Whether these prices genuinely reflect lower overheads than larger, longer-established business, or merely the proselytising enthusiasm of a newcomer, I am not sure, but I strongly recommend British wine lovers to take advantage of this phenomenon.

There are specialists such as The Wine Barn for modern German wines, Eclectic Wines for Greek wines and Oz Wines and Gunson Fine Wines for Australians, but the great majority of these new wine retailers specialise in French wine, presumably because France is our nearest neighbour and favourite destination, and has an almost incredible surplus of interesting mid-priced wines from family-owned wine farms. One wonders how many ‘wine merchants’ began simply by bringing back a few cases in the back of the Volvo after a holiday in France. Wine Discoveries' website, for instance, even shows the young couple and their 2CV van responsible for finding “real gems made by small scale winemakers with great reputations locally but unknown beyond their region”. Some of these companies such as Grand Cru Wines, Pic Wines and Red White & You are at least partly based in France, but they deliberately focus all their marketing energies on the British market since it is so much livelier than the stagnant domestic French one.  

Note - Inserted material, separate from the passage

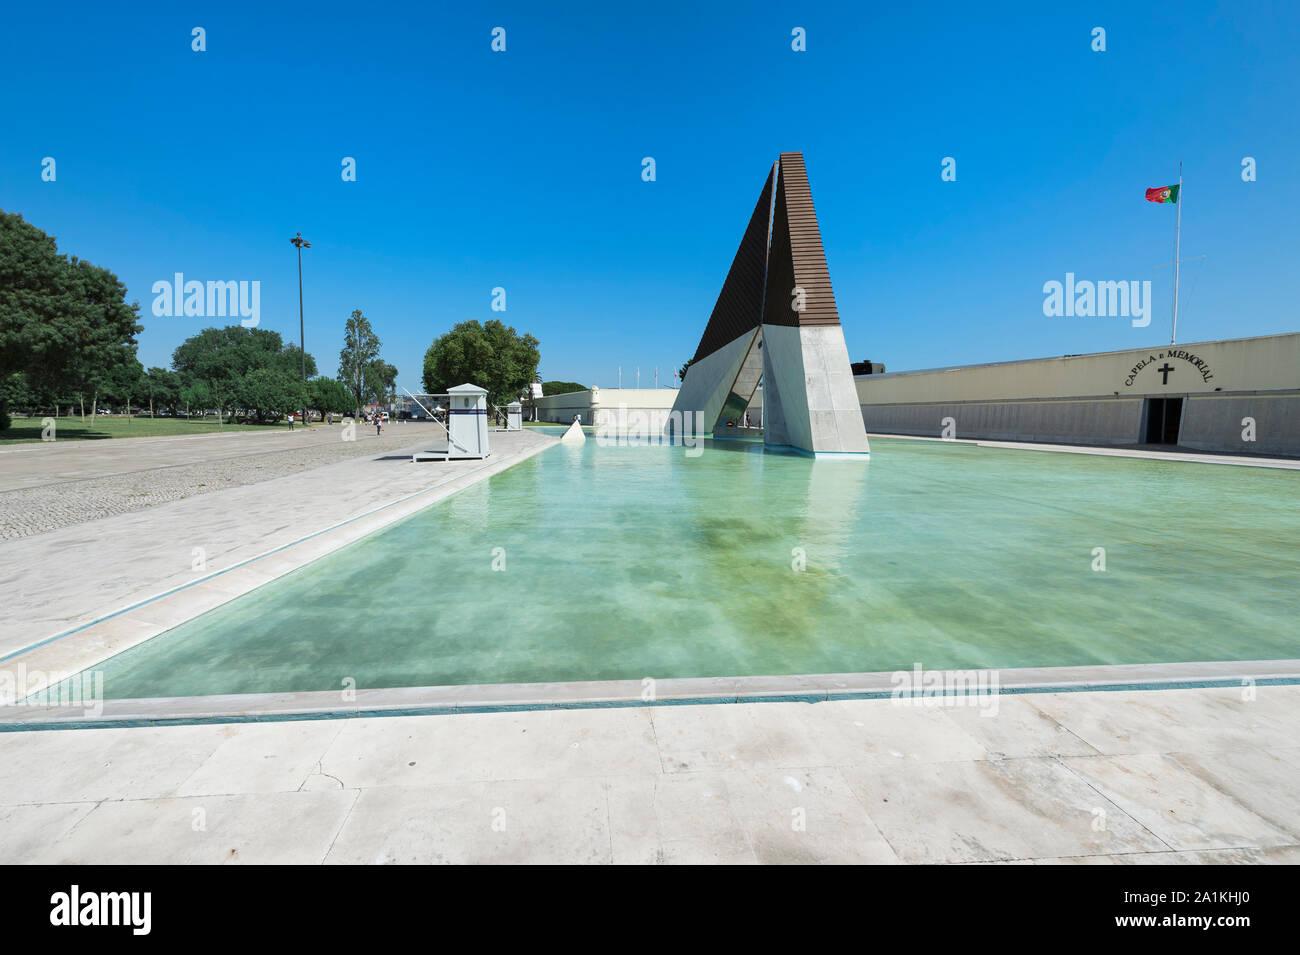 Belem War Memorial, Monumento aos Combatentes da Guerra do Ultramar, Belem, Lisbon, Portugal Stock Photo

The established wine trade tends to have long-term historical links with established French wine producers, but of course the French wine scene has been evolving fast and there are hundreds of newer producers of potential interest to importers from Britain (or anywhere else). All it takes is a bit of sleuthing which, initially anyway, must seem rather fun. The Bordeaux market may already be tightly sewn up, but there are rich pickings to be had all over Burgundy and the Rhône for those prepared to put in the ‘work’, and wines made in the scores of interesting domaines in the Languedoc with their relatively low prices and terroir-driven flavours seem particularly suitable for the value-conscious British wine drinker.

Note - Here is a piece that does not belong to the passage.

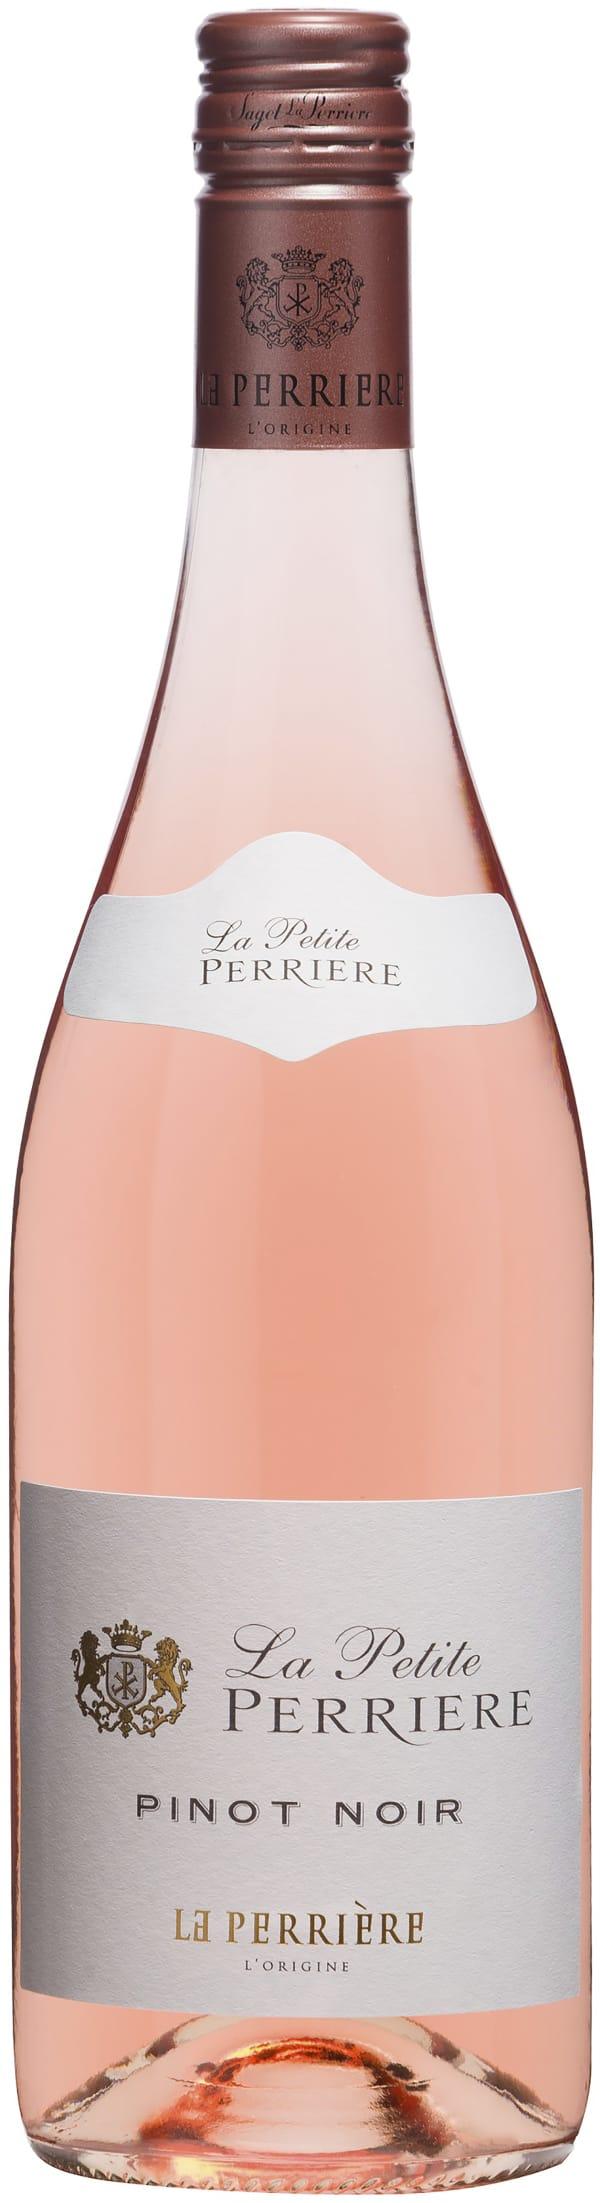 La Petite Perriere Rose Pinot Noir 2018

Garrigue Wines, Indigo Wine, Le Midi Wines, Leon Stolarksy Fine Wines and Terroir Languedoc are all recent examples of companies formed to sell southern French wines via the internet. Others such as the innovative Modern French Wines and The Vineking spread their nets rather wider, while Cadman Fine Wines is a new, fine wine merchant backed by venture capitalists. Many mail order operations are helped by the existence of call handling services so that operations can continue while the owners are buying wine hundreds of miles away.

Arguably the paradigm new independent is Stone Vine & Sun which has won a string of awards already but was set up as recently as November 2002 by Simon Taylor, ex deputy managing director of Sotheby’s Europe. He and his team put most of their effort, like the much older company Vine Trail and AB Vintners formed by a couple of wine enthusiasts in 2000, into visits to wine regions to buy particular wines that are currently tasting well – rather than following the old wine trade model of representing specific companies over the long term. A series of attractive printed offers largely suffices to sell what they buy, together one imagines with a pretty good address book to start with. Regions to have been particularly targeted by Stone Vine & Sun include most of France and South Africa with Burgundy and southern France their strongest suits.

A substantial proportion of these outfits have been set up by refugees from the more conventional wine trade. The ex-Thresher owners of Off the Vine, for example, now have three shops in the home counties, while Food and Fine Wine is informed by its owner’s previous employment at Harrods. Below are some of those new(ish) independents which have particularly impressed me, although there are dozens if not scores more.

Some recommended wines from the new independents

Cheverny 2003 Domaine du Salvard £6.99 Modern French Wine

Tingling, nervy, admirably fruity white blend of Sauvignon with Chardonnay.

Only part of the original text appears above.